In turn, the employer has to complement the physical reporting system with an intangible infrastructure of integrity and credibility: integrated policies regarding the receipt and settlement of reports, compliance trainings, clear independence and impartiality for the person designated to resolve on the alerts received, contractual amendments, coherent internal and external communication contributing to the building of confidence in the employer and employees thereof having common integrity interests and objectives.

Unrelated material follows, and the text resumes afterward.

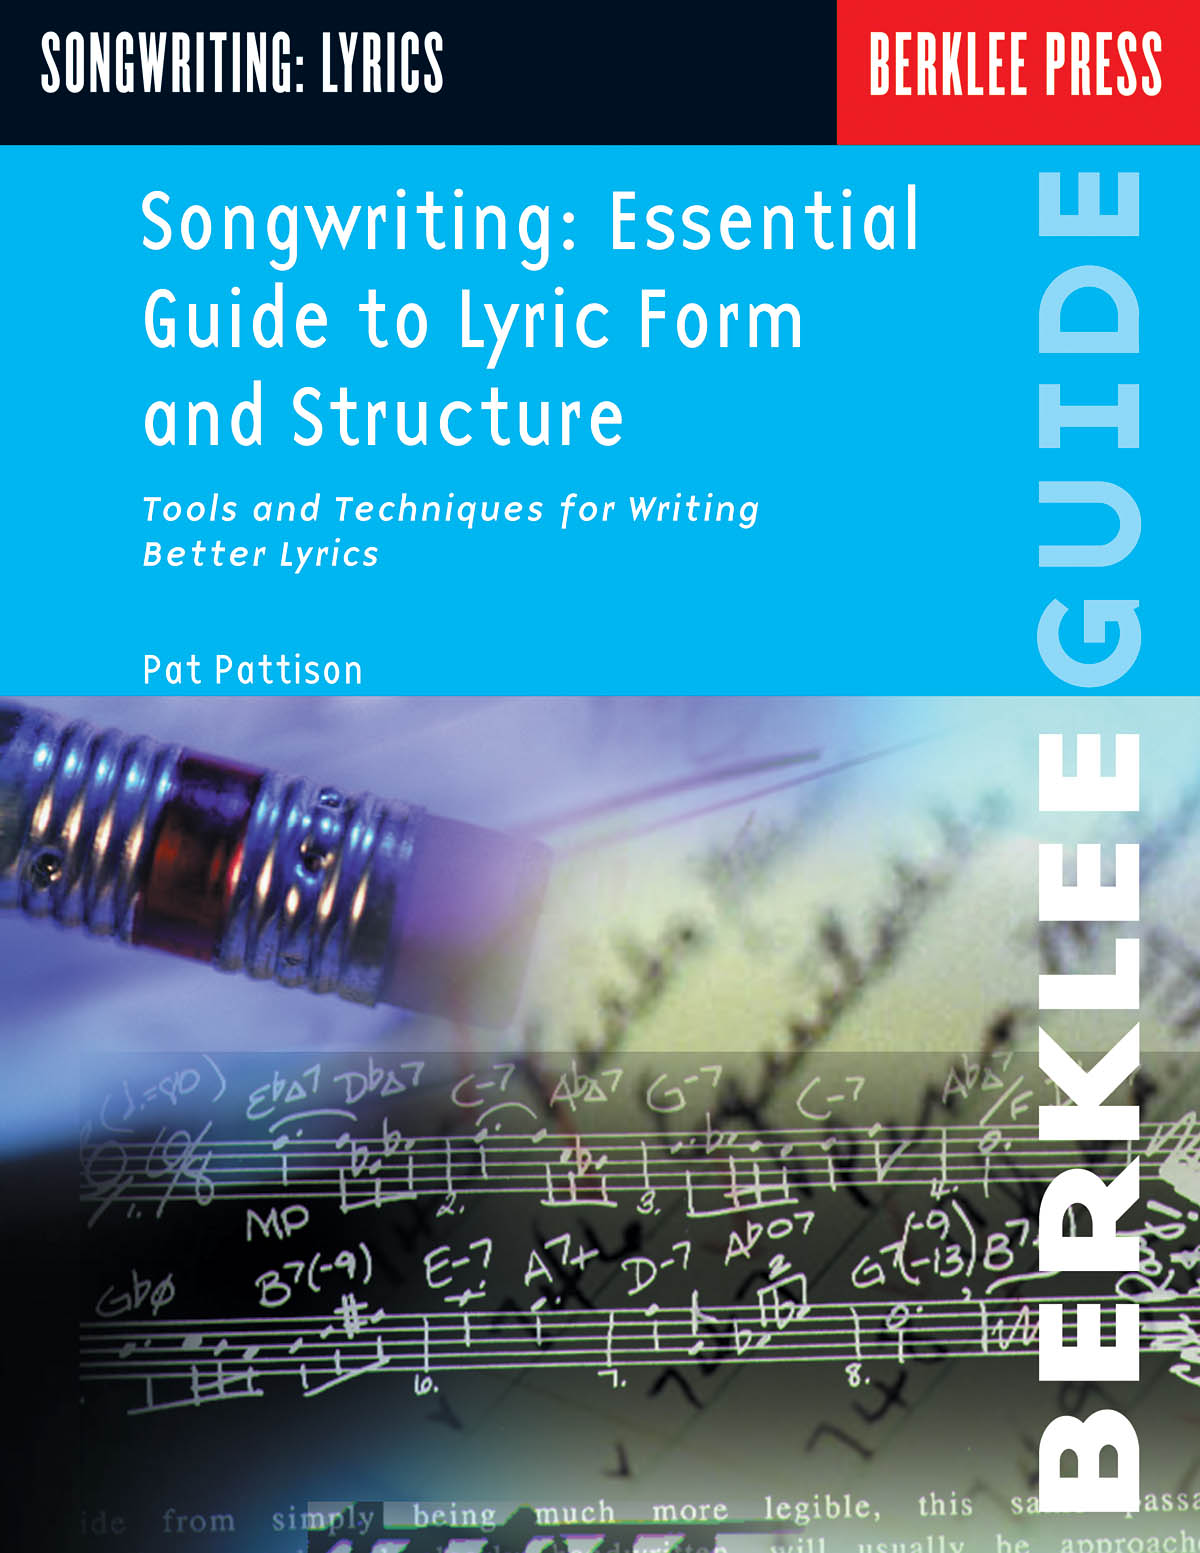 Songwriting: Ess. Guide to Lyric Form and Struct.: Instrumental Album

“This is the reason for which we believe that the design of and the investment in the whistleblowing infrastructure depend to a significant amount on the profile of each individual company. To secure the collaboration of whistleblowers and work together for integrity, some companies need as little as a phone, a mailing address and GDPR compliance, whereas others cannot achieve it despite the technical performance of the reporting system and the implementation of the highest standards of corporate governance. We do not recommend a “one size fits all” solution” Adriana Gaspar added.
The whistleblowers’ theme adds up in Romania too on the continuouslyevolving list of so –called “conformity aspects” which, increasingly, are systemically reshaping the organization and functioning of companies. To assist clients with their compliance efforts, NNDKP has set up Act for Ethics – a hub dedicated to business ethics and conformity and, at the same time, a space for information and debate which, at present, integrates the corporate governance, labour and data protection competencies required to assess compliance with the legislation (in-the-making) on the protection of persons reporting in the public interest.